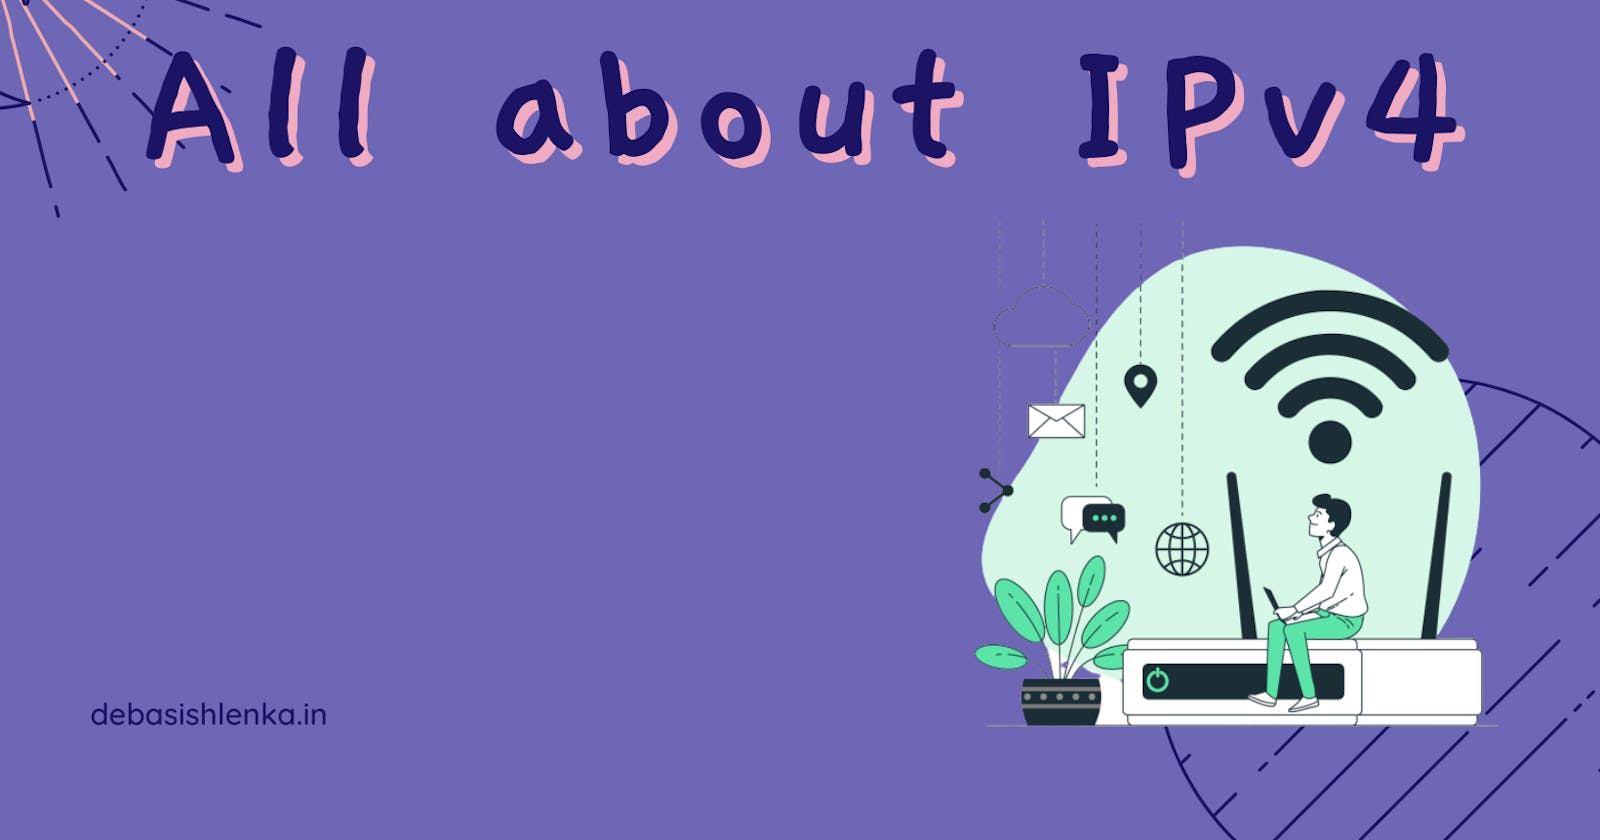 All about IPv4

* * * *

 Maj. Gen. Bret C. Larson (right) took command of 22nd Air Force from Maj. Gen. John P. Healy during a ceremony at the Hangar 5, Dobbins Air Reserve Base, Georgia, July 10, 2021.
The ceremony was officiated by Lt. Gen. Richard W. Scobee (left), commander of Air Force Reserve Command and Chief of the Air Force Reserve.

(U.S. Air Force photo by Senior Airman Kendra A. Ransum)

* * * *

▸ **Prompt**: Reproduce exactly the lines above from the line with "Maj. Gen. Bret" to the line with "(U.S. Air Force", including both, and add nothing.

▸ **Exercise answer**:
 Maj. Gen. Bret C. Larson (right) took command of 22nd Air Force from Maj. Gen. John P. Healy during a ceremony at the Hangar 5, Dobbins Air Reserve Base, Georgia, July 10, 2021.
The ceremony was officiated by Lt. Gen. Richard W. Scobee (left), commander of Air Force Reserve Command and Chief of the Air Force Reserve.

(U.S. Air Force photo by Senior Airman Kendra A. Ransum)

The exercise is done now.